Problem statement
Transcribe every line from the one containing "CAVO E EARPAD" to the end of the listing, exactly as written, and leave out the pictures.

Data excerpt
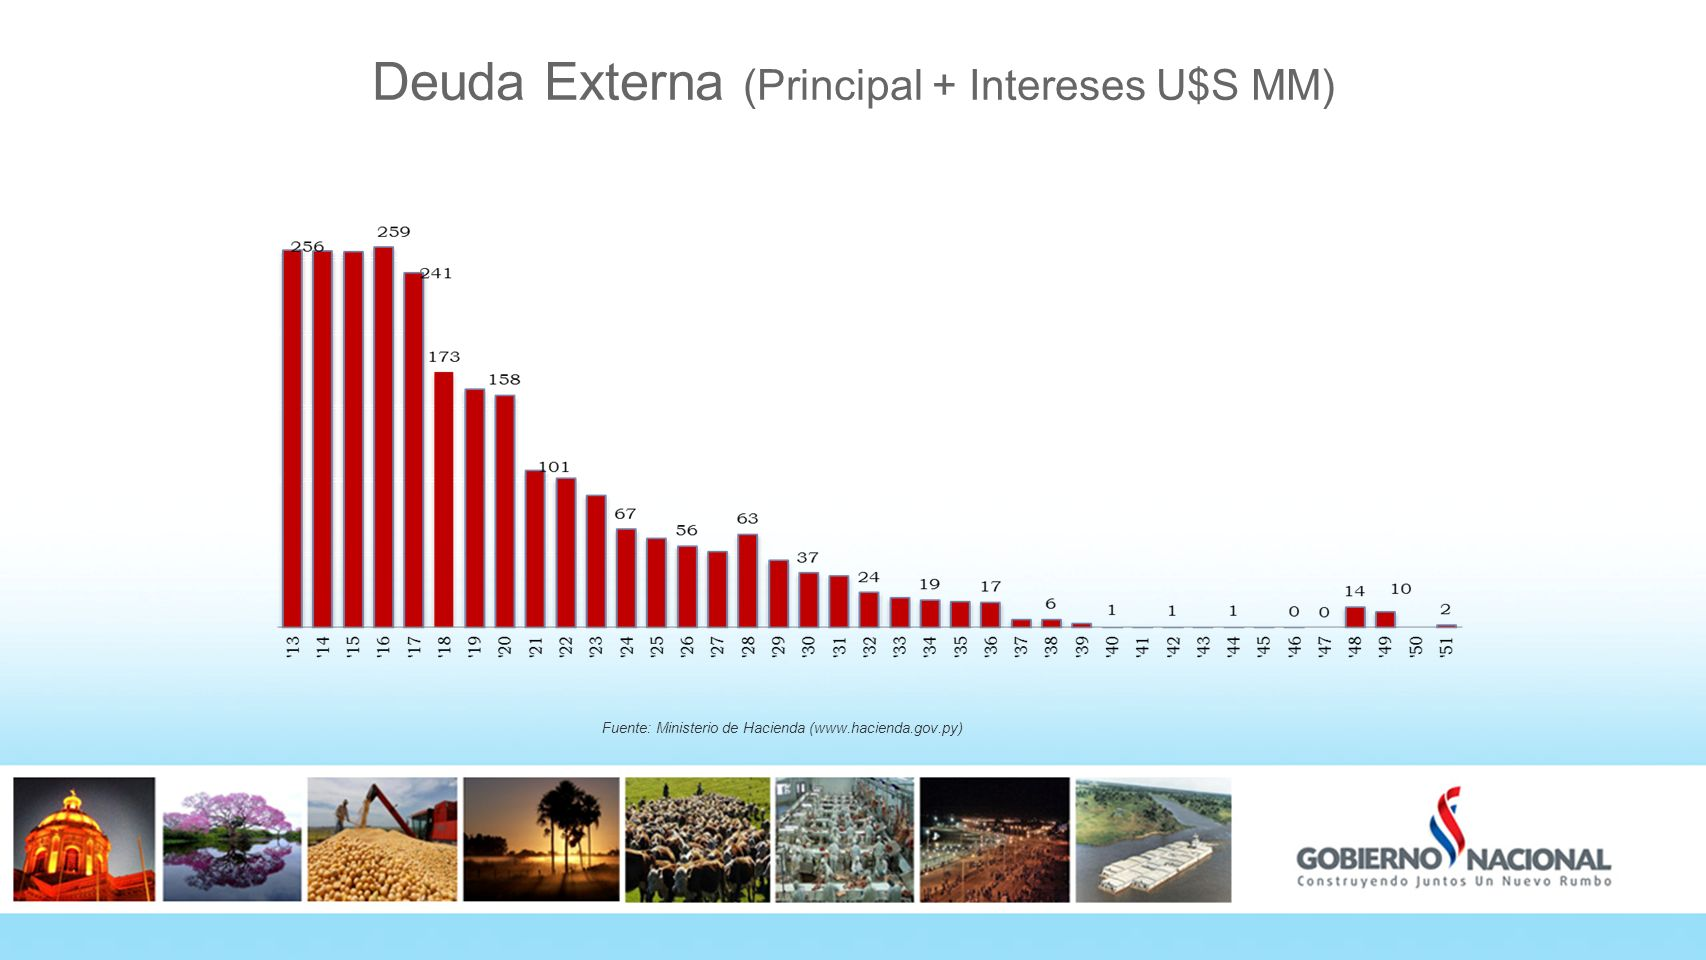 Deuda Externa (Principal + Intereses U$S MM) Fuente: Ministerio de Hacienda (www.hacienda.gov.py)
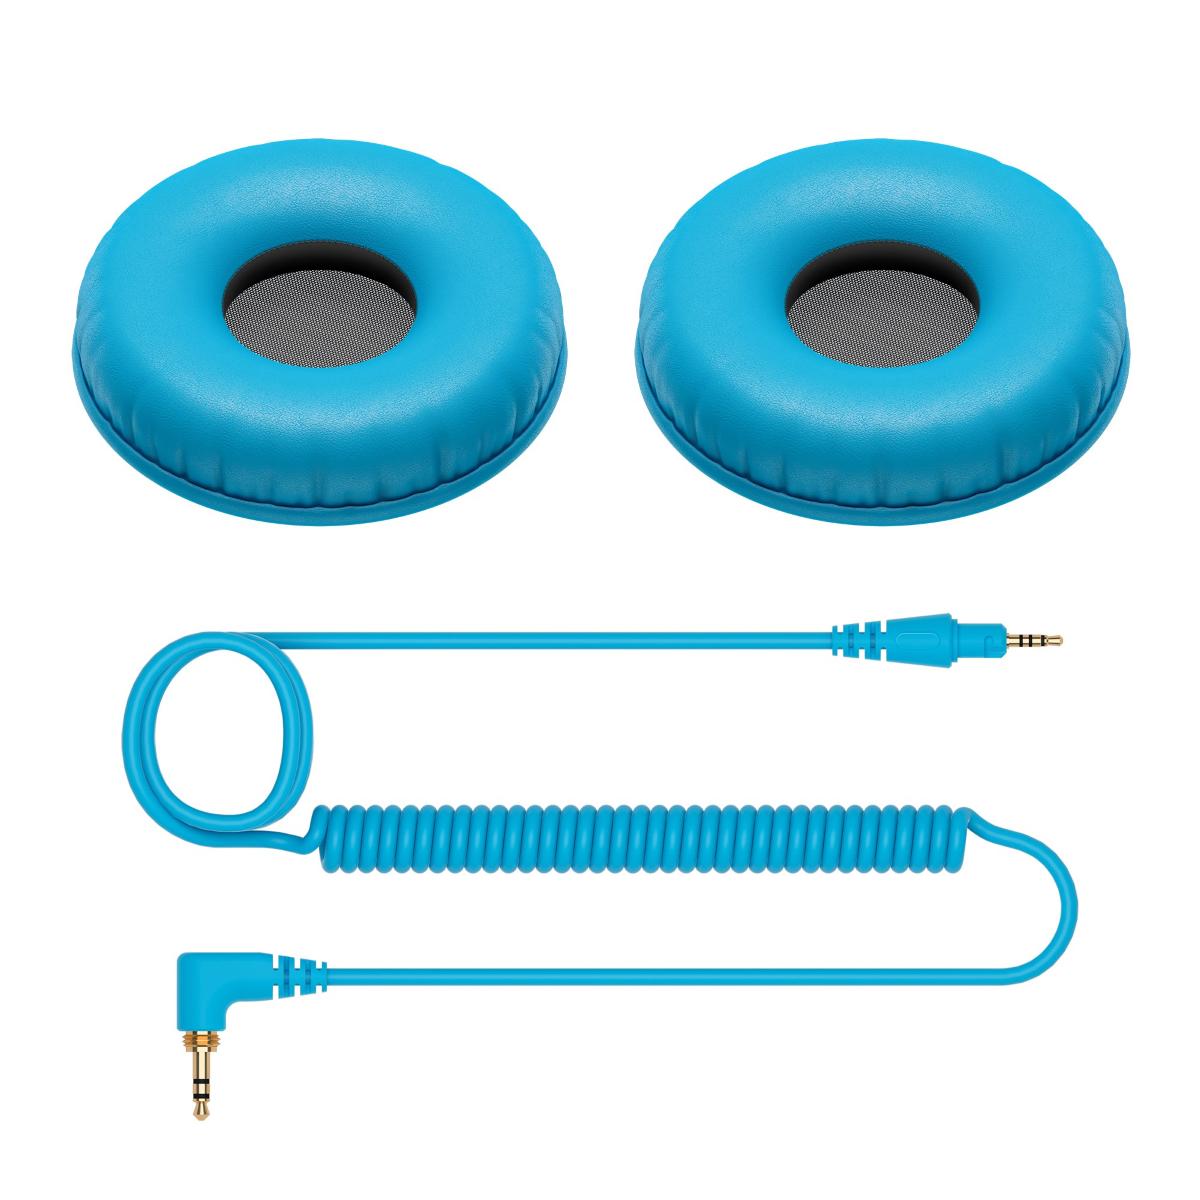 CAVO E EARPAD BLUE HC-CP08-L RICAMBIO PIONEER PER HDJ-CUE1
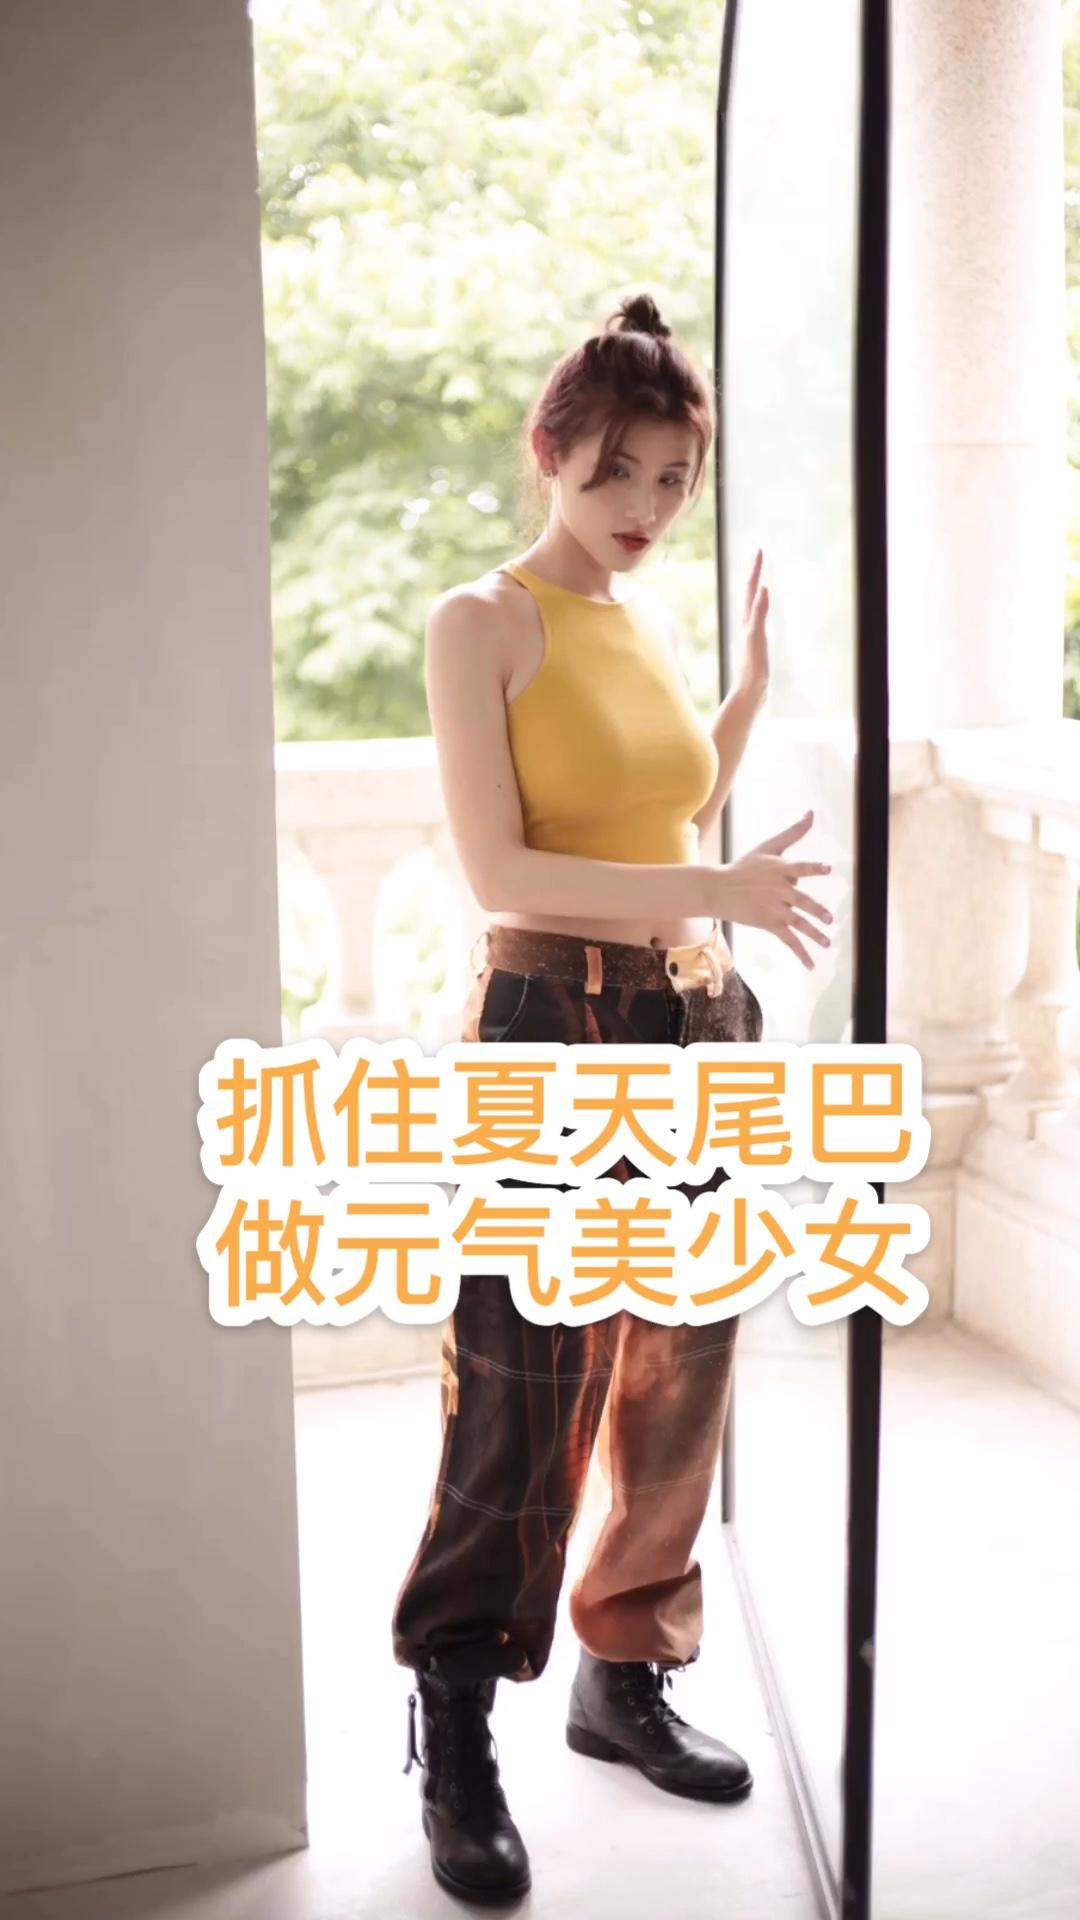 #抓住夏天小尾巴,做元气美少女!#女团穿搭~黄色露脐装短上衣,搭配印花哈伦裤,马丁靴,帅气时髦满分~丸子头增加元气~美少女无疑
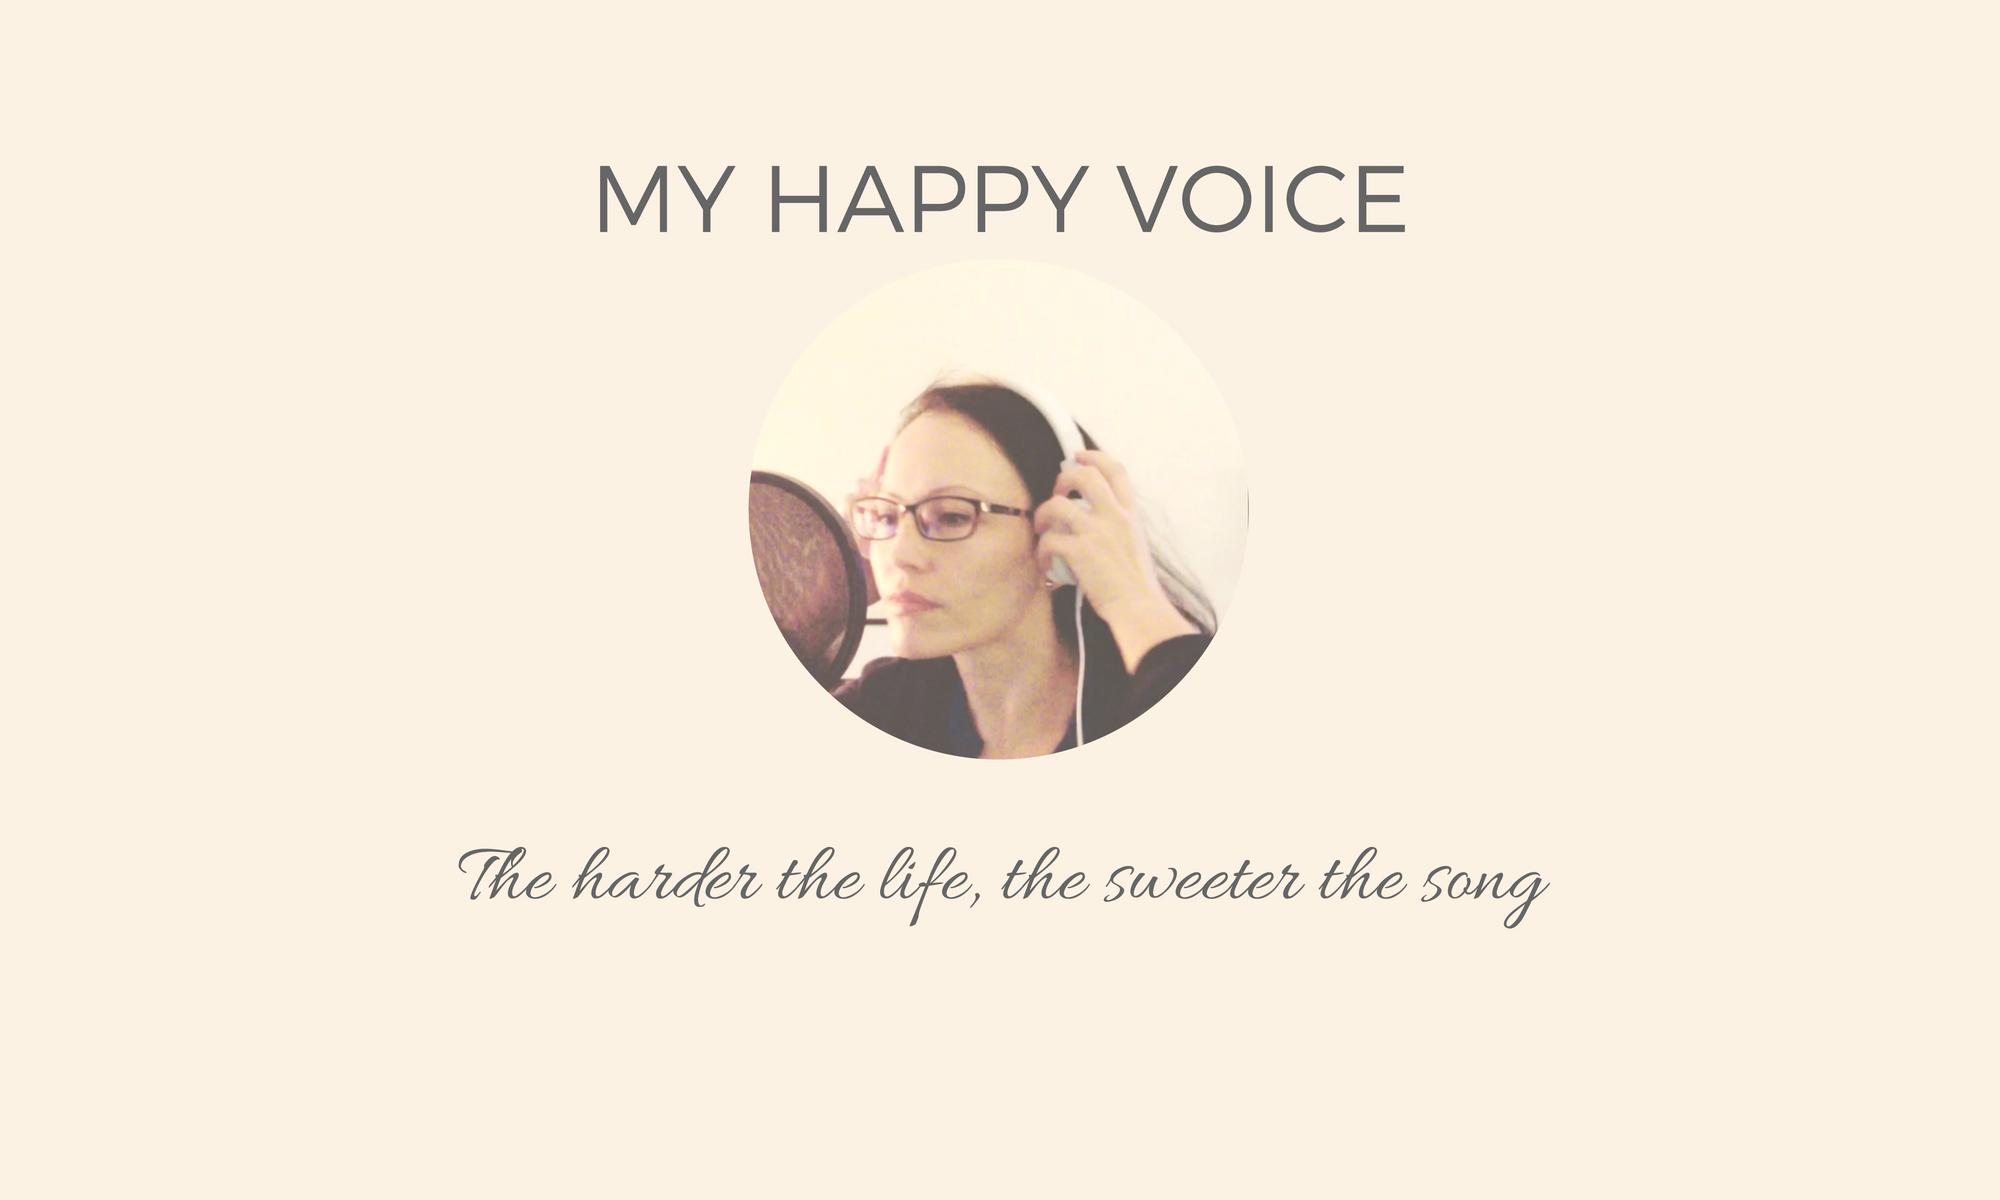 MY HAPPY VOICE

Answer for this exercise
 CAVO E EARPAD BLUE HC-CP08-L RICAMBIO PIONEER PER HDJ-CUE1
 #抓住夏天小尾巴,做元气美少女!#女团穿搭~黄色露脐装短上衣,搭配印花哈伦裤,马丁靴,帅气时髦满分~丸子头增加元气~美少女无疑
 MY HAPPY VOICE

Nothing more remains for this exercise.